- **Task prompt**:
Print every record exactly, but leave out the pictures.

Records excerpted from a collection

★ ★ ★ ★ ★ ★ ★

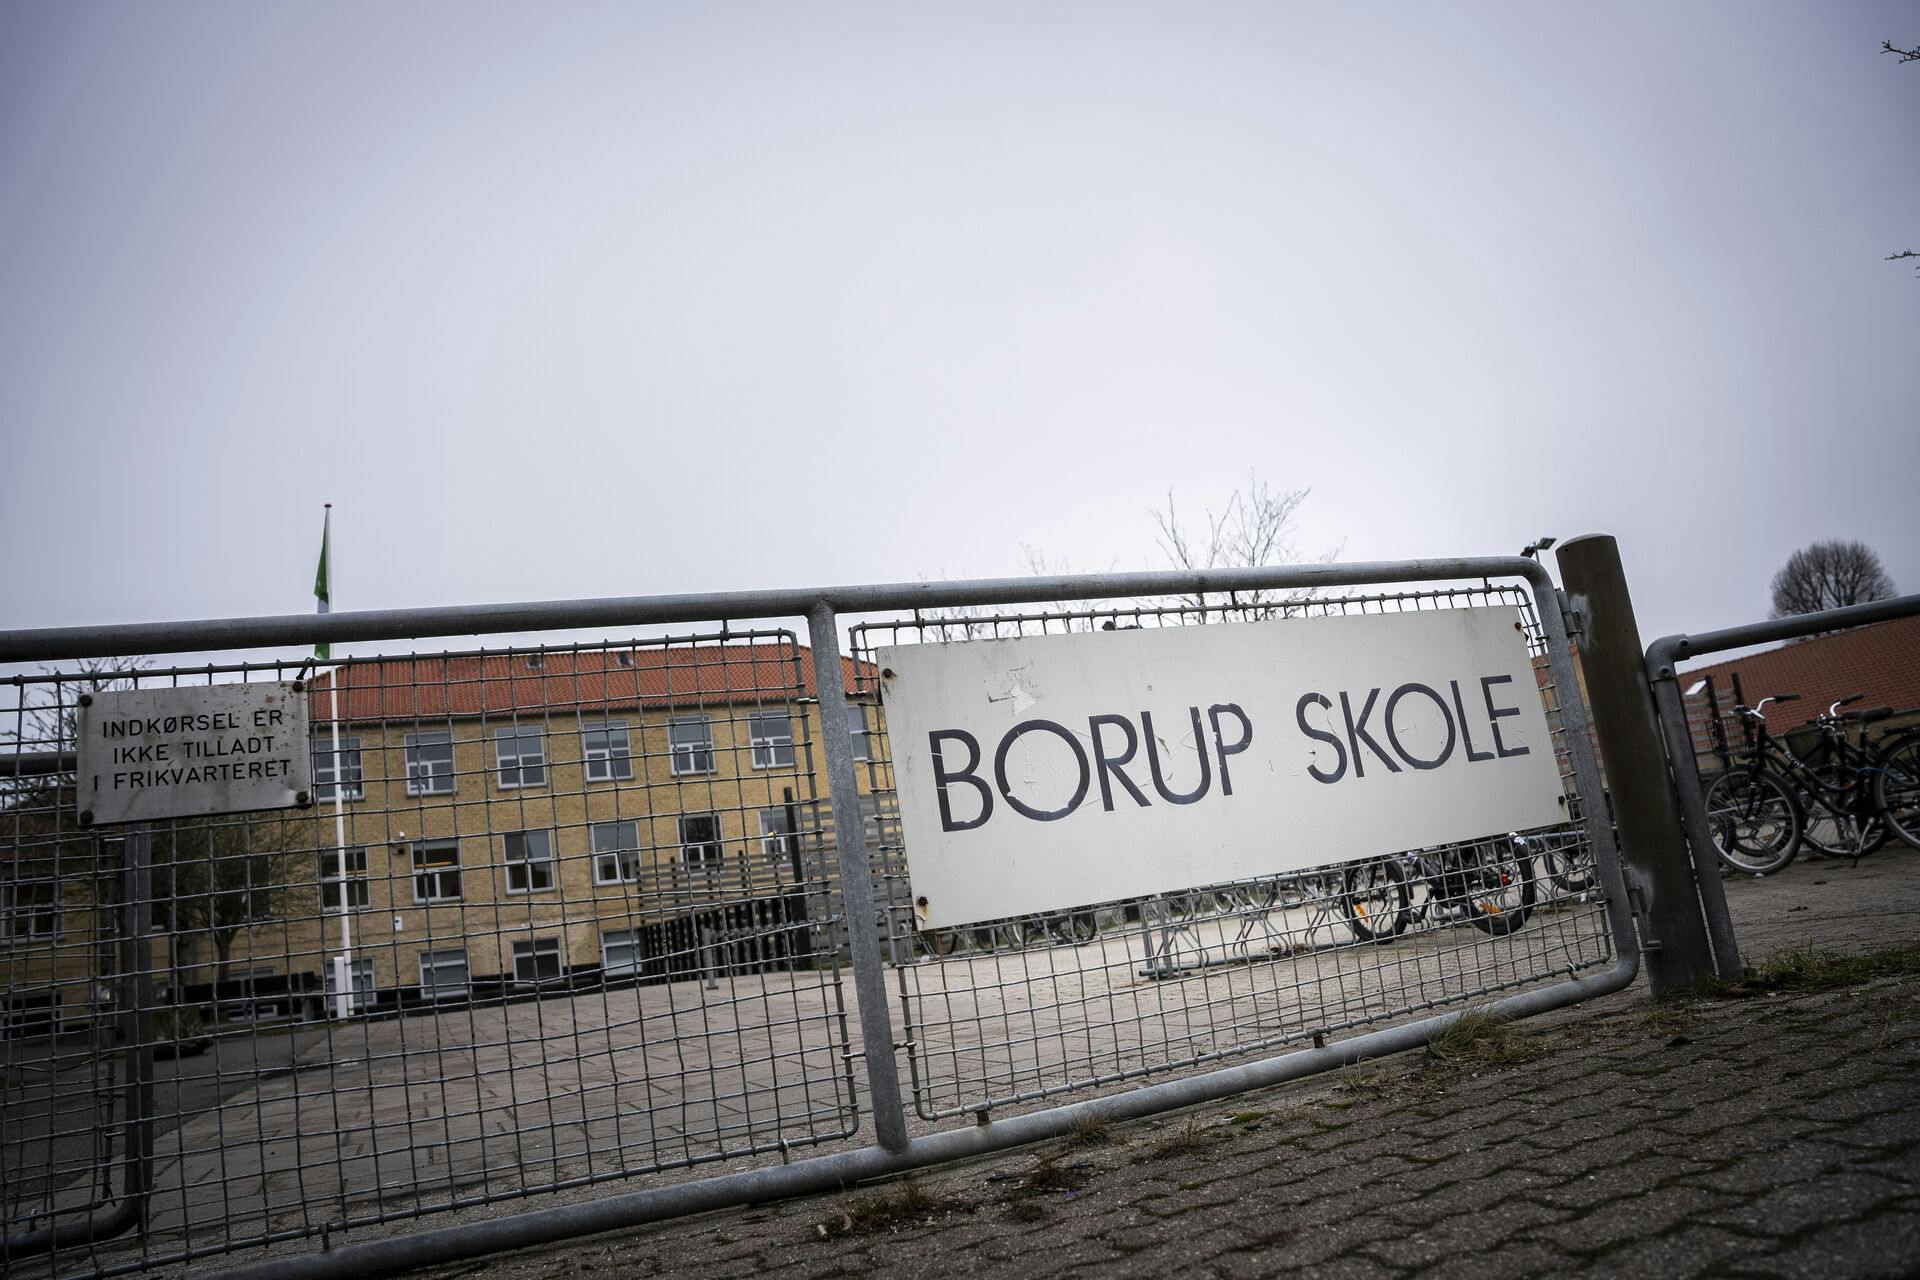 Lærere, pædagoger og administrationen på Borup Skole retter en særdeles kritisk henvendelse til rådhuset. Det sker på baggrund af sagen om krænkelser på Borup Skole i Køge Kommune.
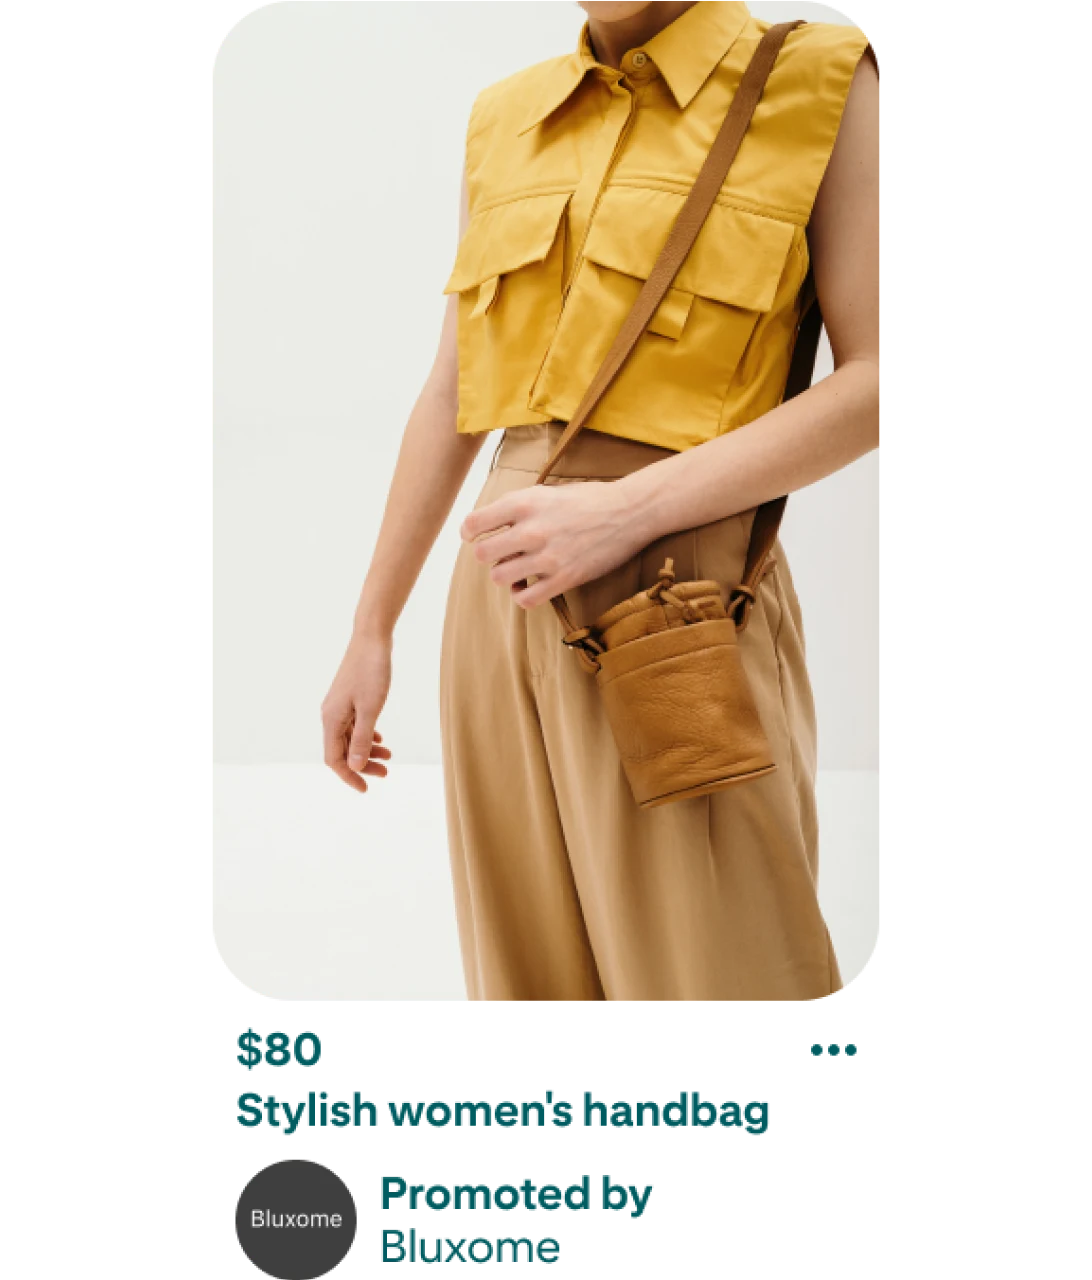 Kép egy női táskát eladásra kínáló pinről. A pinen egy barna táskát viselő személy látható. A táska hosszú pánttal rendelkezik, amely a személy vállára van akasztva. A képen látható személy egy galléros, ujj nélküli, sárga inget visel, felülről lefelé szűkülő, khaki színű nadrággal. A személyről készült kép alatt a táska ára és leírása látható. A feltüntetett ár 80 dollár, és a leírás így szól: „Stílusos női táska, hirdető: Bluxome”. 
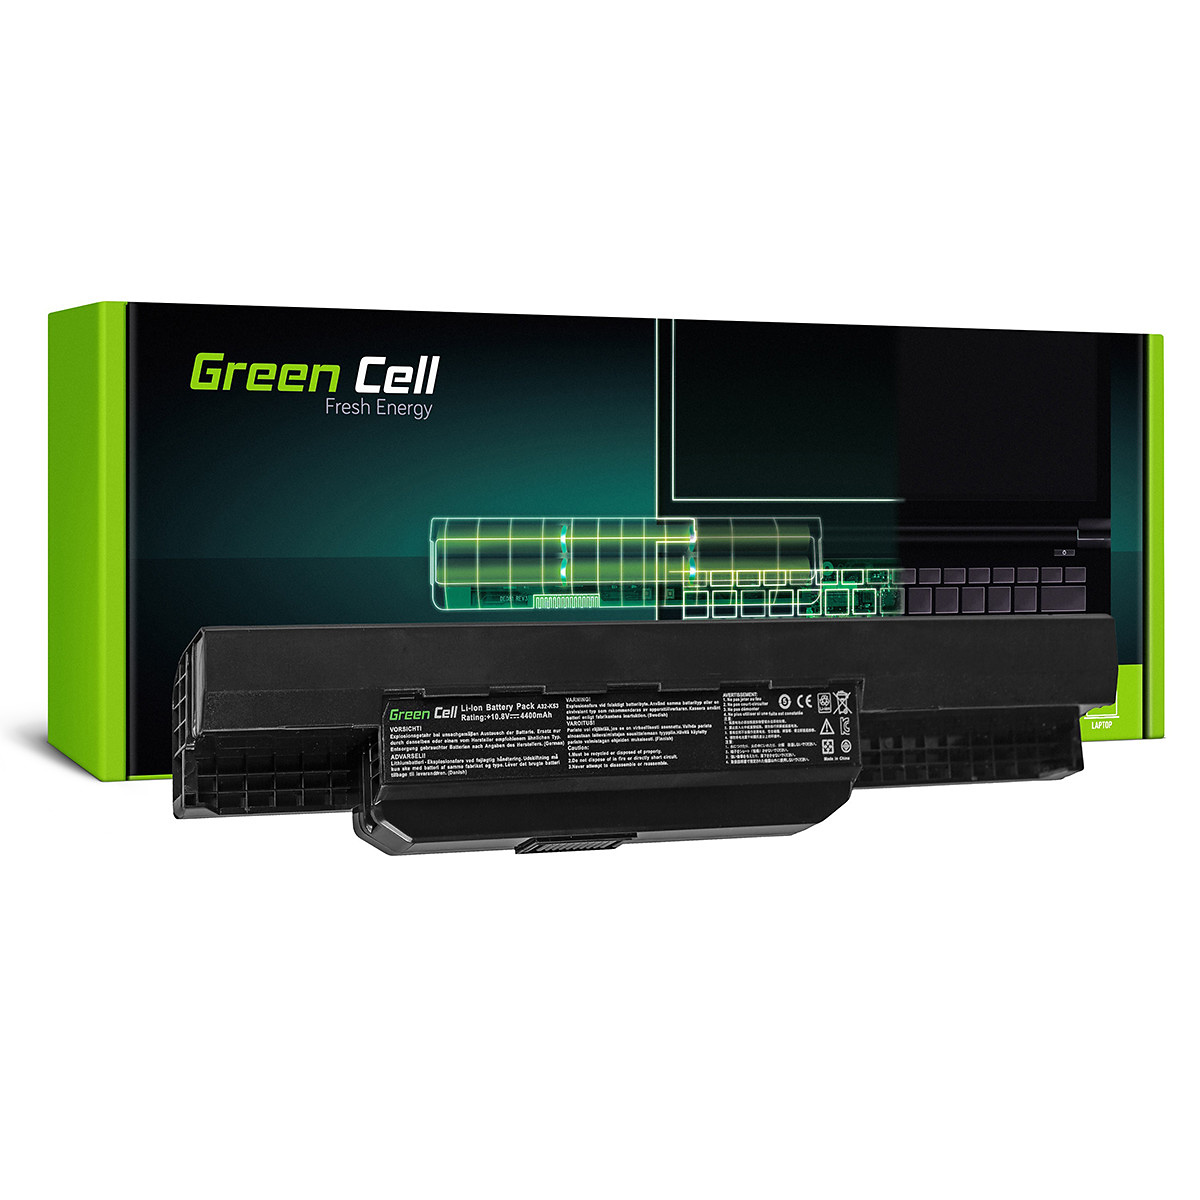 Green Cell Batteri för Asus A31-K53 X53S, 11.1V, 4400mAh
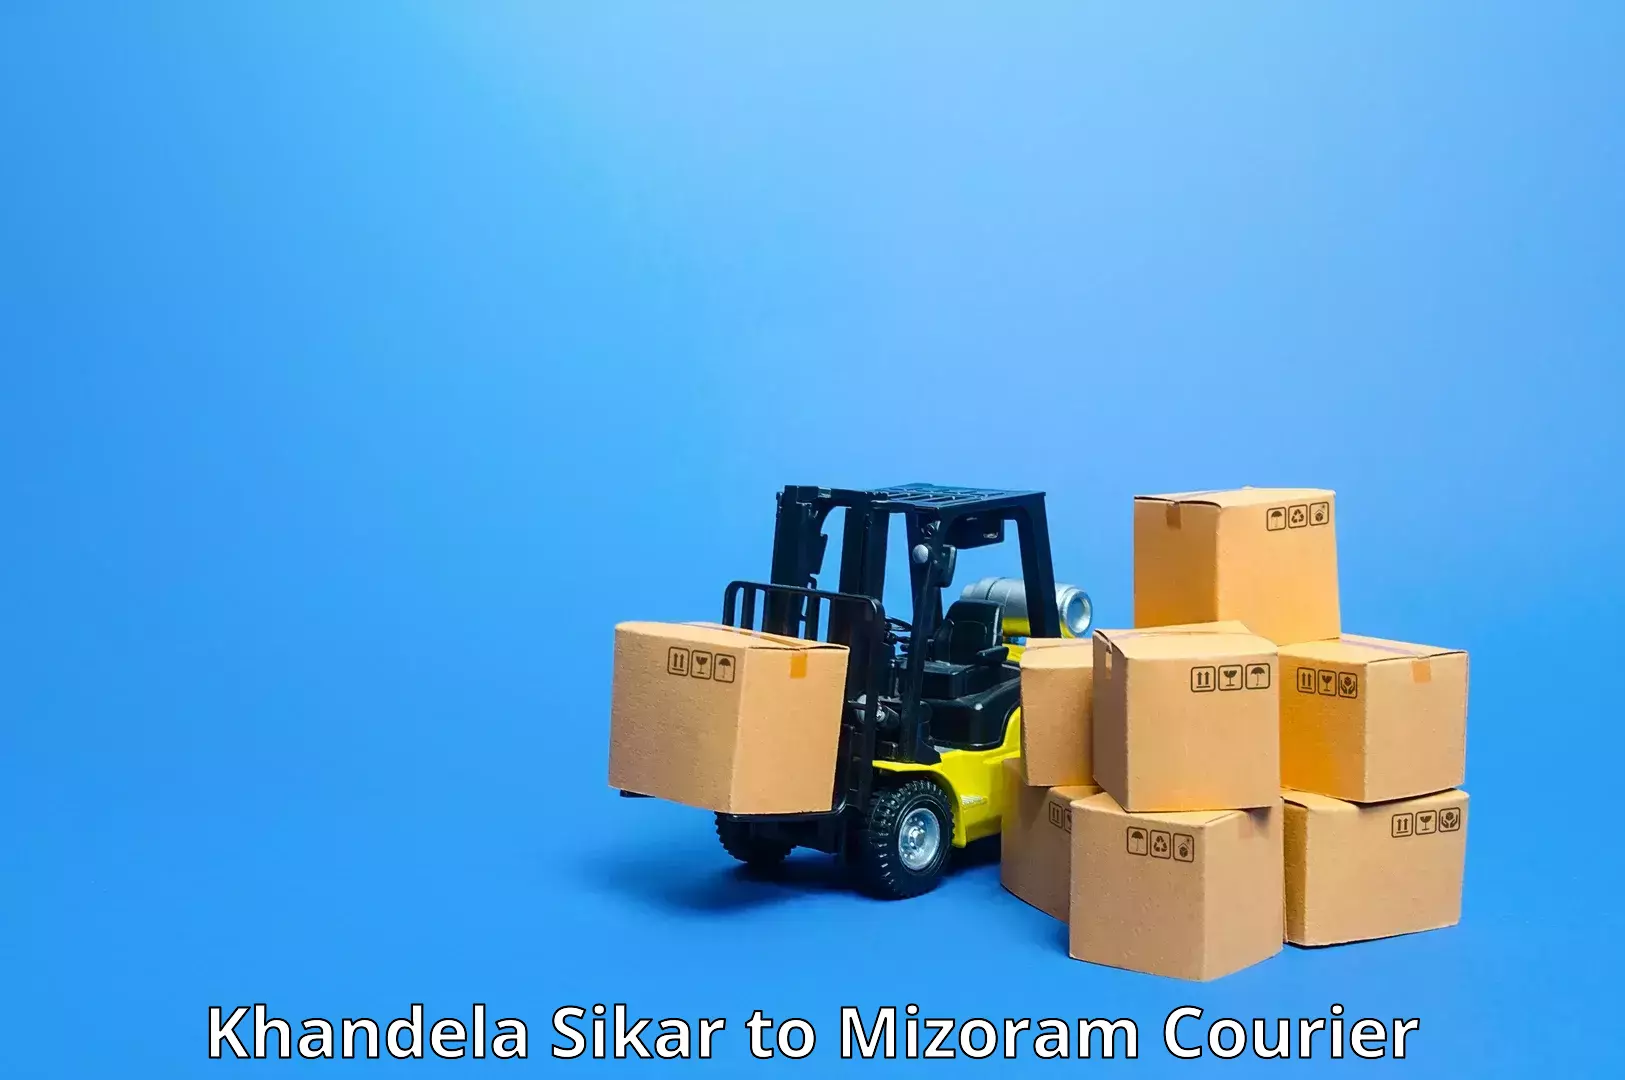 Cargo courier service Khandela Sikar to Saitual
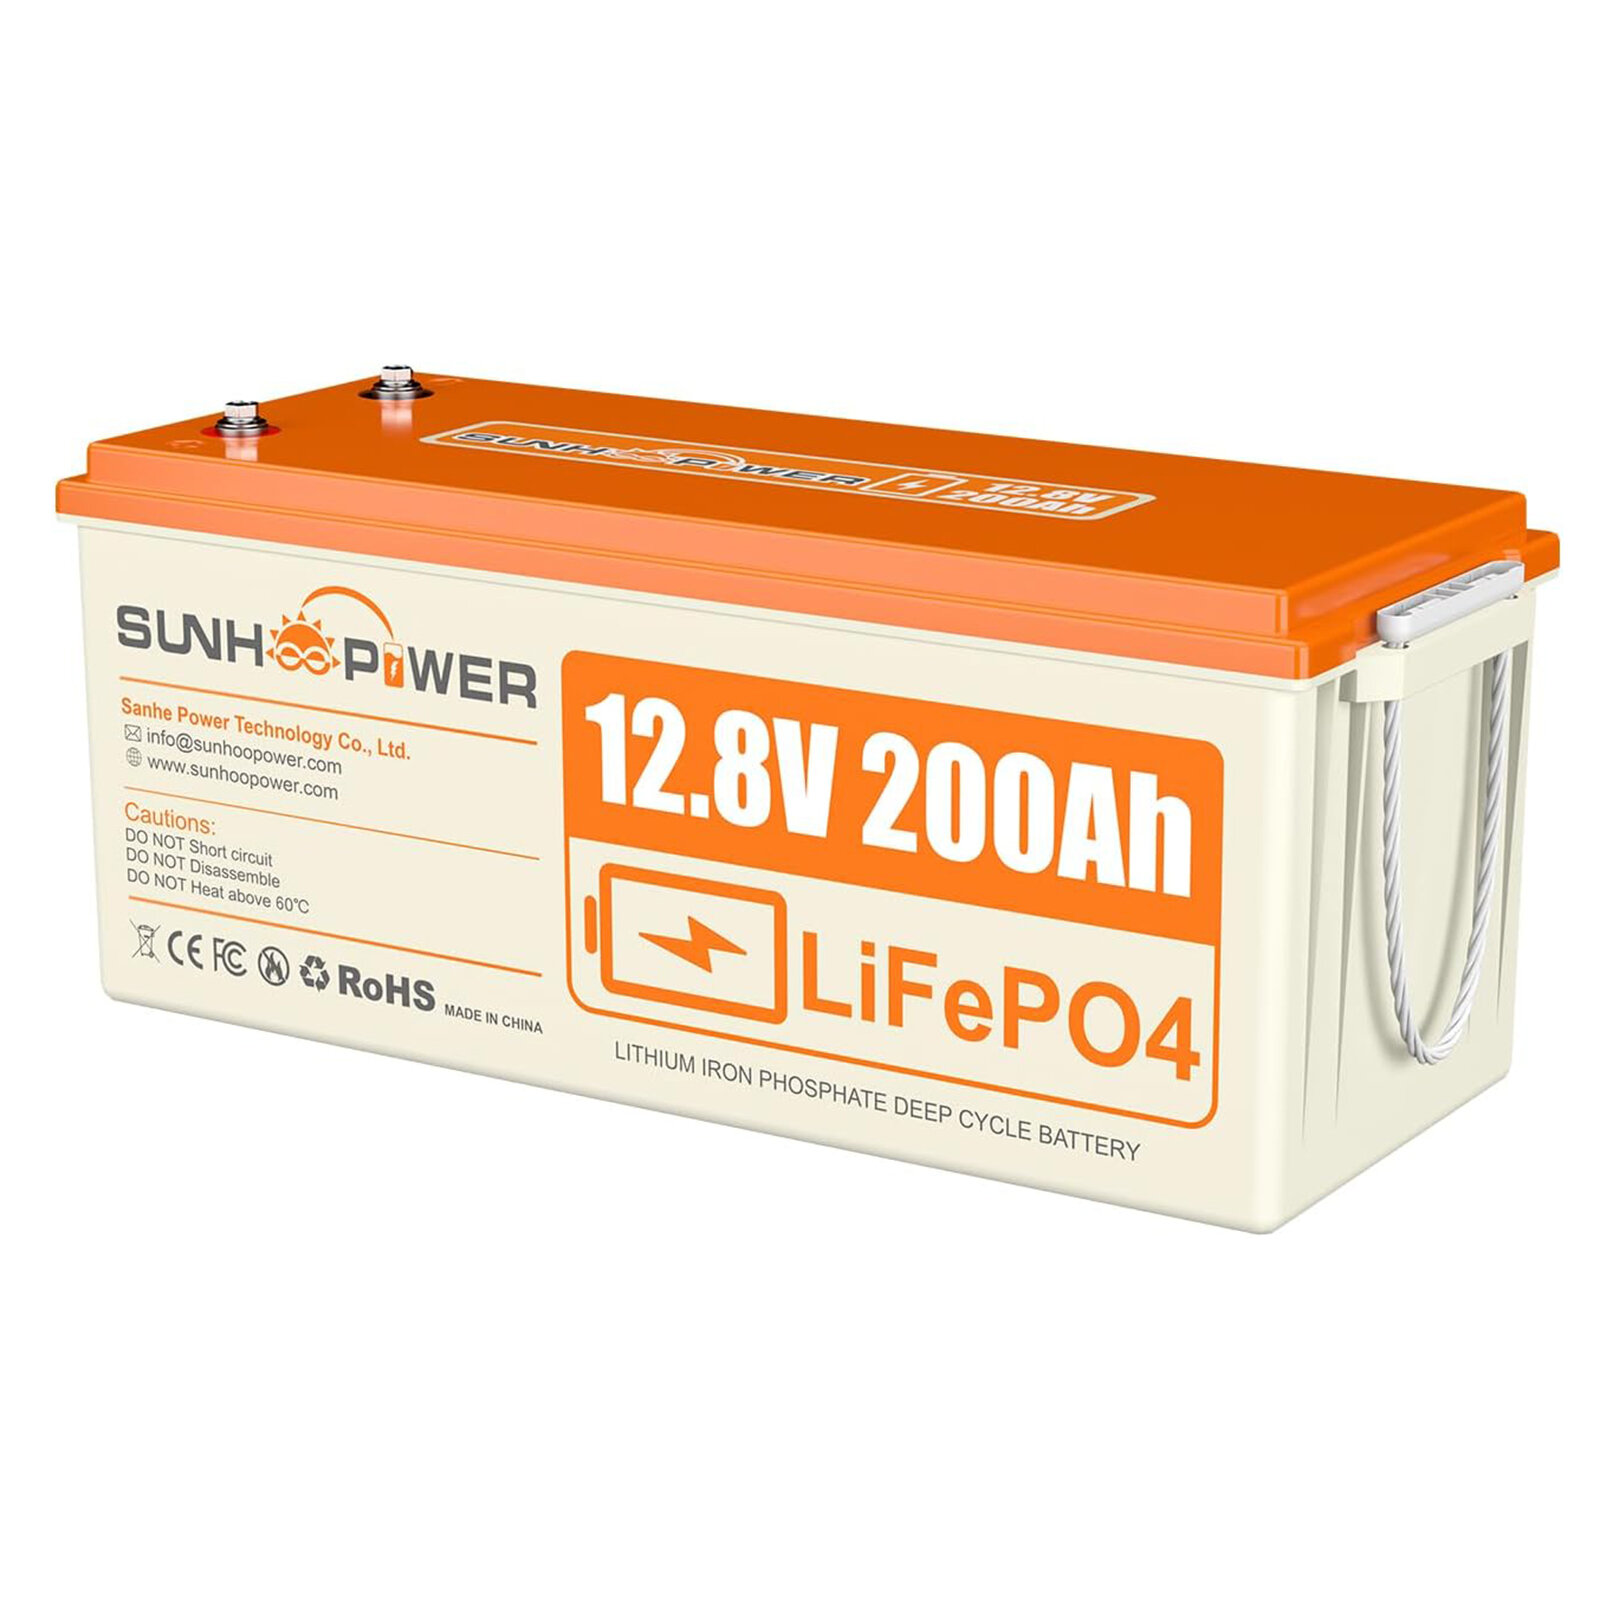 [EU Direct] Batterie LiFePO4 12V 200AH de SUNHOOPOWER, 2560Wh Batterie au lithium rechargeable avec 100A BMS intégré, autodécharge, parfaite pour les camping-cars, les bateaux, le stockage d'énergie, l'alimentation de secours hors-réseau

★ ★ ★ ★ ★ ★ ★

- **Solution**:
 Lærere, pædagoger og administrationen på Borup Skole retter en særdeles kritisk henvendelse til rådhuset. Det sker på baggrund af sagen om krænkelser på Borup Skole i Køge Kommune.
 Kép egy női táskát eladásra kínáló pinről. A pinen egy barna táskát viselő személy látható. A táska hosszú pánttal rendelkezik, amely a személy vállára van akasztva. A képen látható személy egy galléros, ujj nélküli, sárga inget visel, felülről lefelé szűkülő, khaki színű nadrággal. A személyről készült kép alatt a táska ára és leírása látható. A feltüntetett ár 80 dollár, és a leírás így szól: „Stílusos női táska, hirdető: Bluxome”. 
 Green Cell Batteri för Asus A31-K53 X53S, 11.1V, 4400mAh
 Cargo courier service Khandela Sikar to Saitual
 [EU Direct] Batterie LiFePO4 12V 200AH de SUNHOOPOWER, 2560Wh Batterie au lithium rechargeable avec 100A BMS intégré, autodécharge, parfaite pour les camping-cars, les bateaux, le stockage d'énergie, l'alimentation de secours hors-réseau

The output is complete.